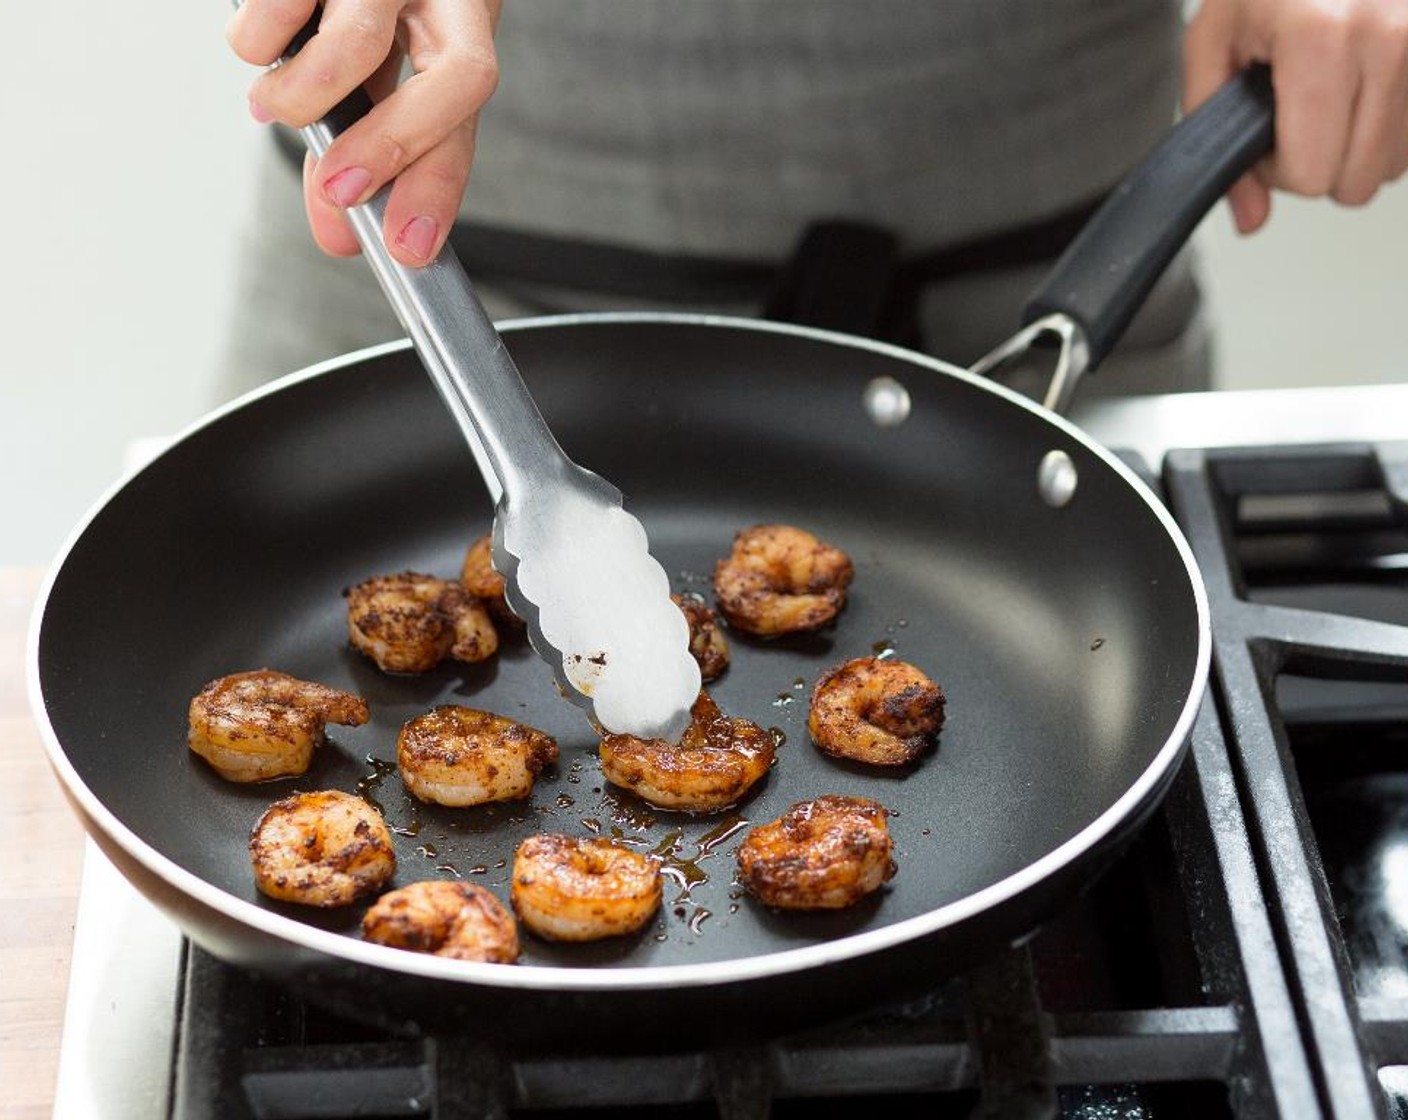 step 10 Heat a large non-stick sauté pan withCanola Oil (1/2 Tbsp) over medium-high heat. When hot, add the shrimp in a single layer and cook for 3 to 5 minutes, stirring occasionally. When the shrimp are pink and opaque, remove from heat and keep warm for plating.
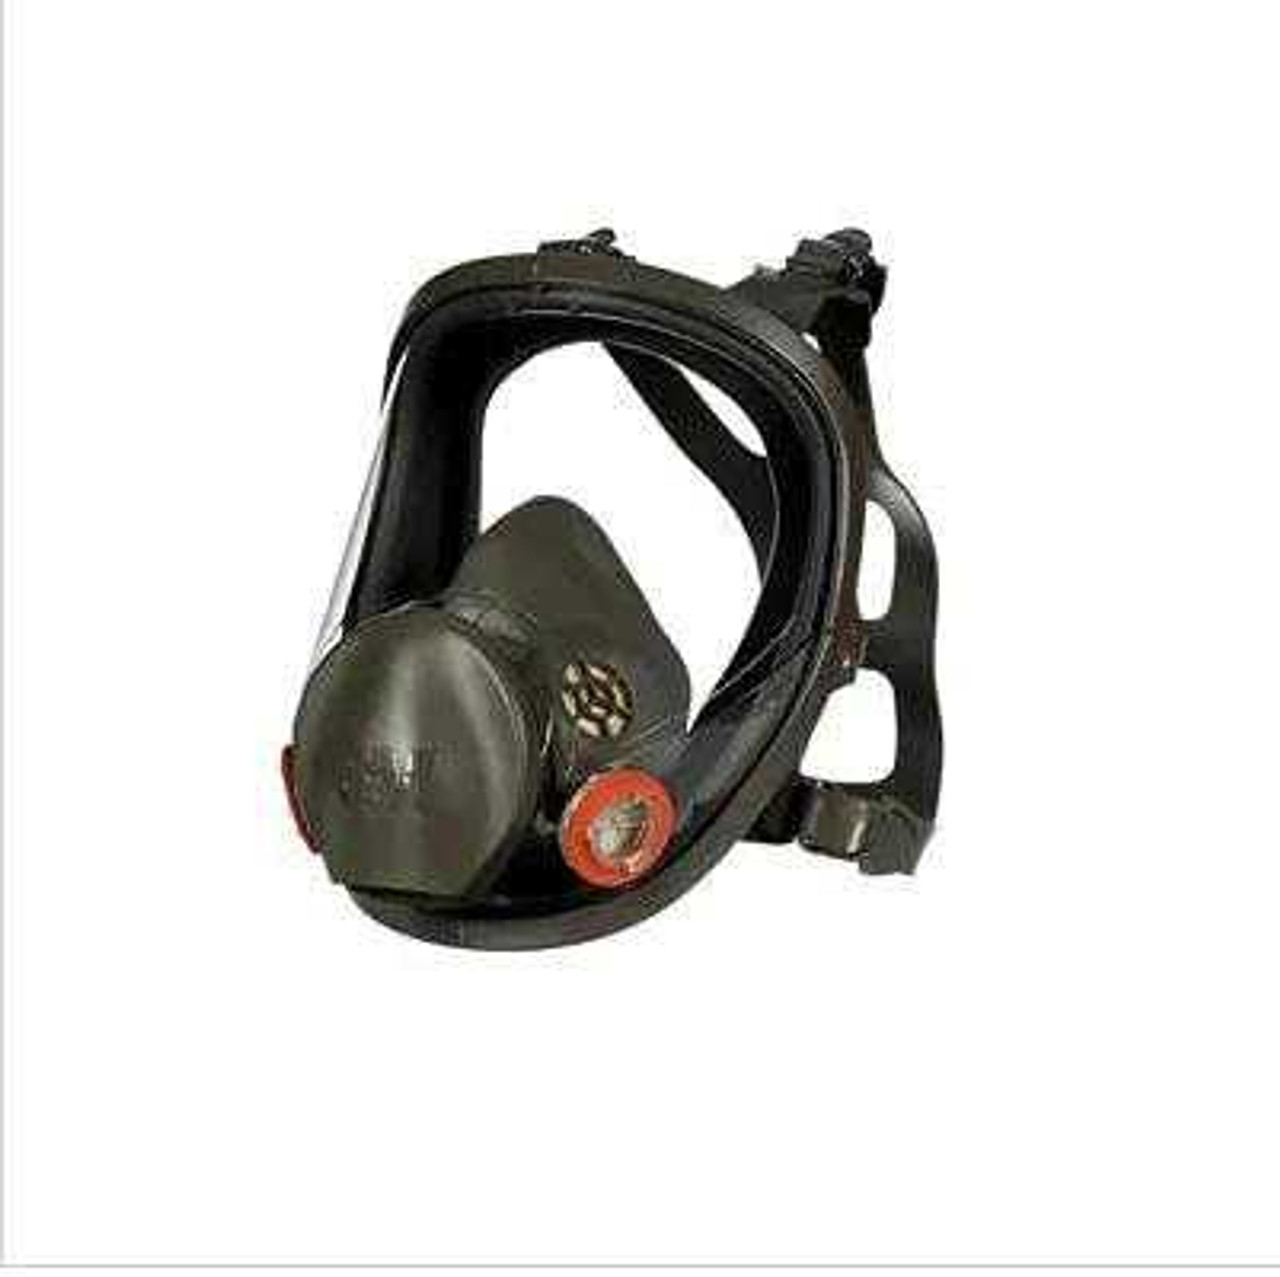 3M Full Face Respirator (Includes Organic Cartridges-Pre-filters-Retainer Clips)
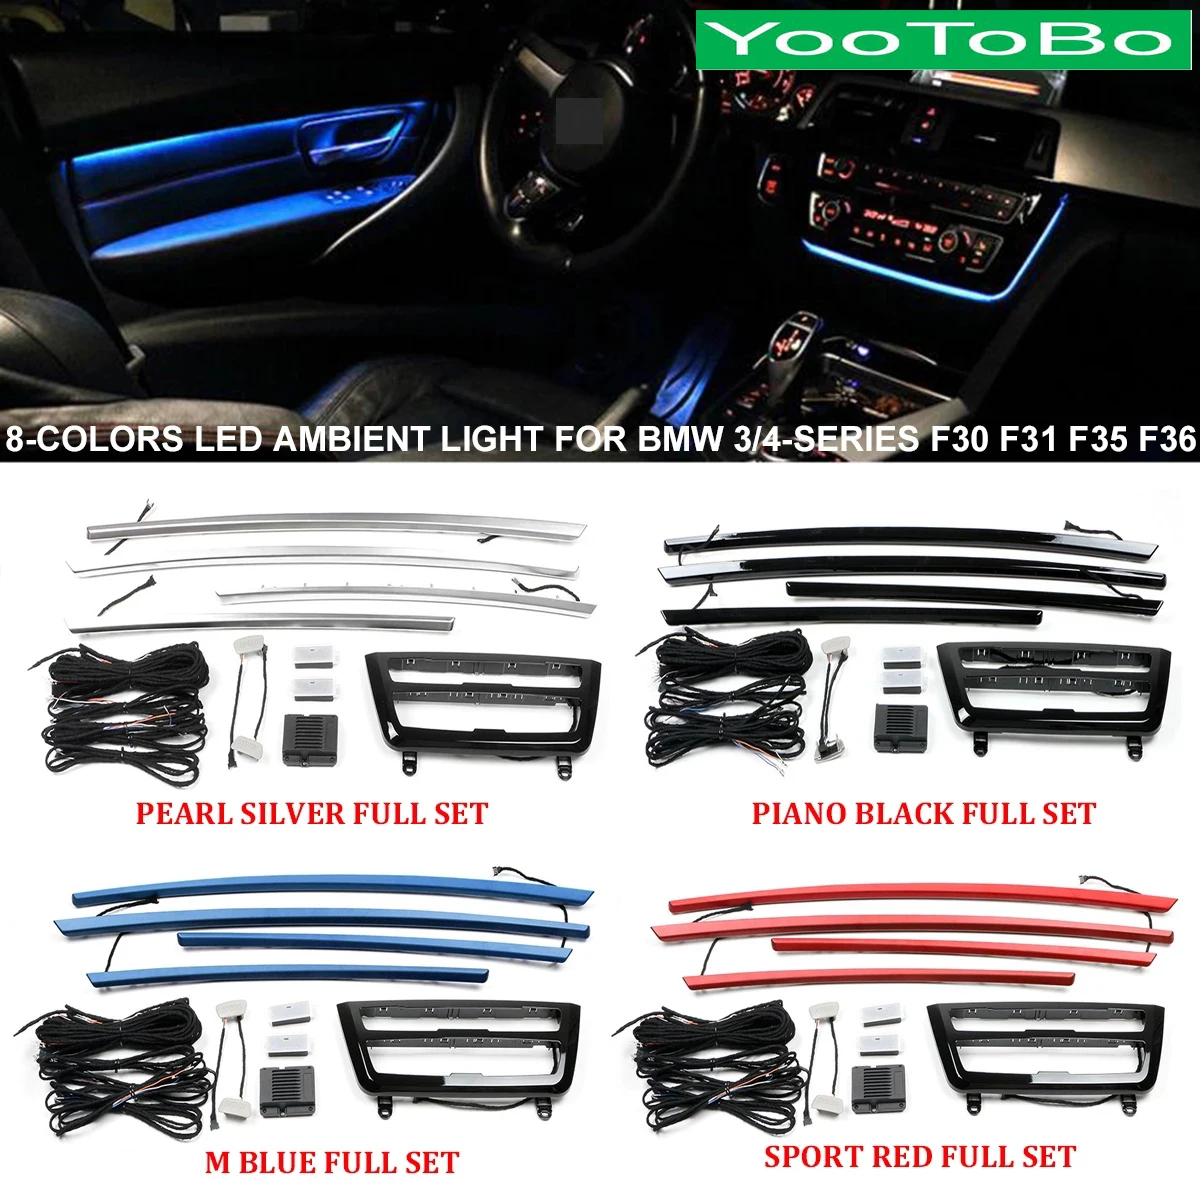 

8-Colors Car Radio Console Dashboard AC Panel 4 Doors LED Ambient Light Footwell Atmosphere Lamp For BMW 3/4-Series F30 F31 F36

Exercise details | What you hand back should match the listing exactly, except that no pictures appear.

Written solution |
 step 10 Heat a large non-stick sauté pan withCanola Oil (1/2 Tbsp) over medium-high heat. When hot, add the shrimp in a single layer and cook for 3 to 5 minutes, stirring occasionally. When the shrimp are pink and opaque, remove from heat and keep warm for plating.
 3M Full Face Respirator (Includes Organic Cartridges-Pre-filters-Retainer Clips)

8-Colors Car Radio Console Dashboard AC Panel 4 Doors LED Ambient Light Footwell Atmosphere Lamp For BMW 3/4-Series F30 F31 F36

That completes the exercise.